Wednesday, October 30, 2013

Coconut Curry with Beets, Beans & Kale


It was time to clean out the fridge today and that is exactly how this cocnut curry came to be. Curries are great because they pack a lot of flavor and creaminess without all the fat and calories. This is not always the case for curries you will find at restaurants, but you can make this one at home knowing it is full of healthy goodness.

Roasting the beets is simple but may be a bit time consuming. You can make them up front and store them in the fridge until you are ready to make the curry and then the recipe is a cinch. Go ahead and make extra to use on salads later in the week.

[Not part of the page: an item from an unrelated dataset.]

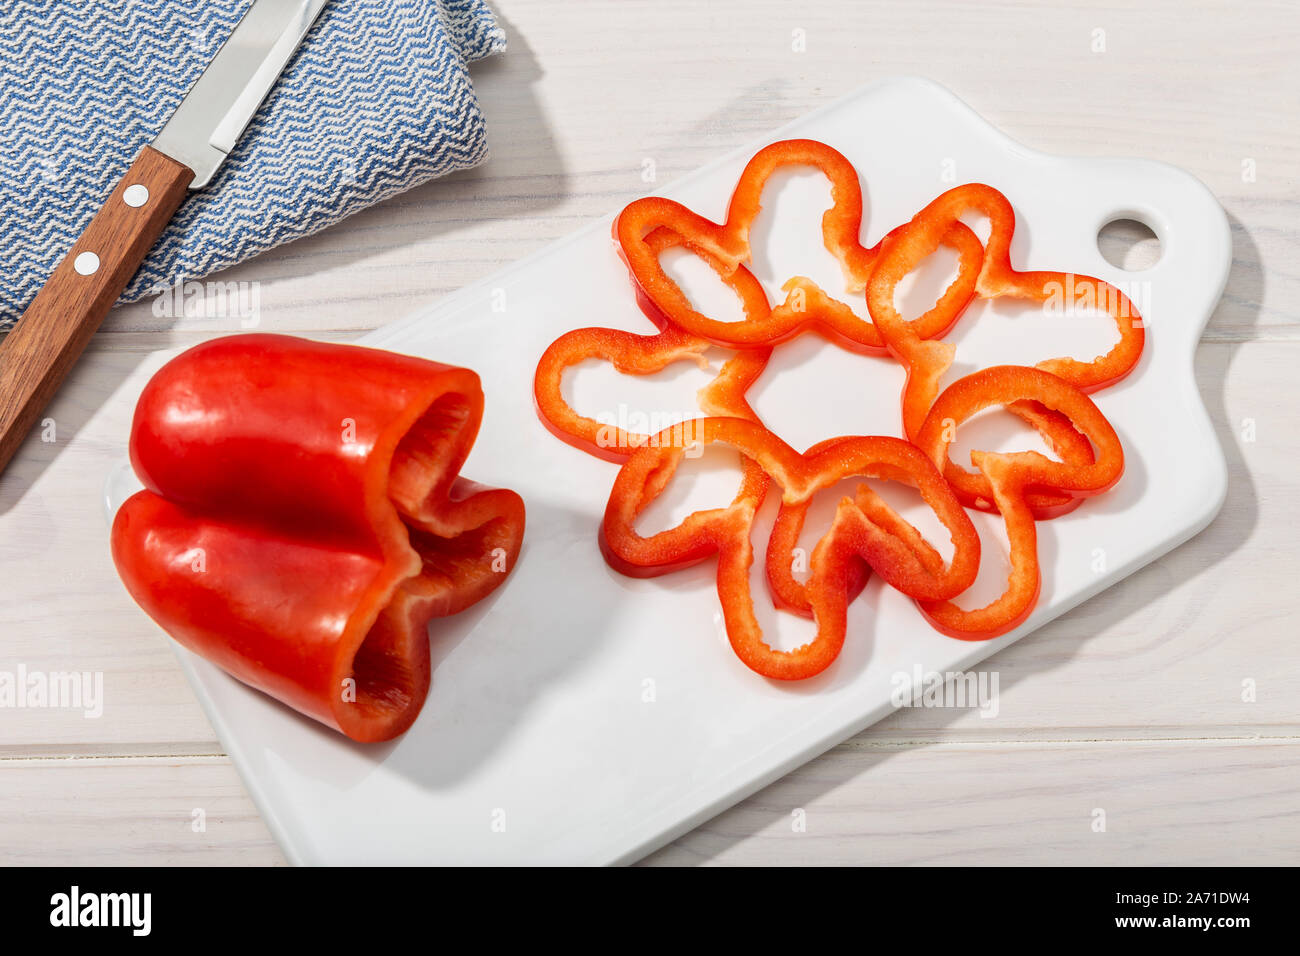 Red bell pepper isolated on cutting board.. Capsicum annuum cultivars Stock Photo

Coconut Curry with Beets, Beans & Kale


Ingredients
  • 3 cups roasted beets, cubed
  • 1 15-oz can garbanzo beans, drained and rinsed
  • 2 cups lactino kale, chopped
  • 2 cups coconut milk
  • 1 Tbsp curry spice blend
  • 1 tsp cinnamon

Preparation Instructions
How to roast beets:
  1. Pre-heat oven to 400 degrees F.
  2. Wash beets and wrap each individually in tinfoil.
  3. Place in a baking dish and roast for 60-90 minutes. This will vary depending on the size of your beets. I roasted mine for 90 minutes.
  4. Remove beets from tinfoil and rub off skin. Skins should rub off fairly easily after roasting.
  5. Cut into cubes.



Making the curry:
  1. Simmer the coconut milk with curry and cinnamon for about 5 minutes.
  2. Add beets, beans and kale, then continue to simmer for 10 more minutes.
  3. Dish into 2 servings (~3 cups each). Serve warm.





Fuel Facts

Numbers: 312 calories, 13 g protein, 9 g fat, 47 g carbs, 11 g fiber

Ingredient Breakdown:

v Beets – Not only do beets have a beautiful color and flavor, they boast a large array of health benefits.  Many of these can be attributed to betaine, a nutrient that acts as a methyl donor. So what does that mean exactly? By lending methyl groups, betaine assists in many important metabolic pathways. This is of particular benefit to the liver, helping to break down hepatic (liver) fat stores and to optimize liver function.

Another thing you may not know about beets is their ability to enhance sex drive. In ancient Rome, beets were considered an aphrodisiac. Today we know this is due to their high boron content. Boron has been linked to increased production of estrogen in post-menopausal women and testosterone in men.

v Beans – The legumes are a wonderful protein source for those wanting to increase their intake of plant-based foods. Beans have a very high content of fiber as well which is associated with lower blood cholesterol levels, decreased risk of heart disease and lower body fat. It is recommended to get at least 25 grams of fiber a day.

v Kale – You won’t here me use the word “super” food very often, because I believe all foods contribute their own, unique healing powers. That being said, if there was one food to eat more of, it would be kale. Studies continue to show kale’s ability to lower the risk for cancer, prevent inflammation and even act as a detoxifier at the genetic level. Bottom line… eat more kale.

v Coconut milk – A great dairy and lactose free milke alternative, coconut milk is naturally creamy and therefore a great addition to smoothies, soups, coffee, and as a milk substitute for baking. The fats in coconut milk are medium chain fats which are not readily stored by the body and will subsequently be burned for energy.

v Curry – The combination of spices used in curry each boast their own health benefits. The five that typically make up curry are turmeric, cumin, coriander, mustard seed and chili powder.

v CinnamonMany studies have shown the stabilizing effects of cinnamon on blood sugar. This is beneficial for anyone who wants to keep energy levels constant throughout the day, and especially helpful for diabetics or those who experience hypoglycemia. Cinnamon has also been shown to act as an anti-inflammatory by limiting the release of arachidonic acid from cell membranes, a fatty acid that typically causes inflammation.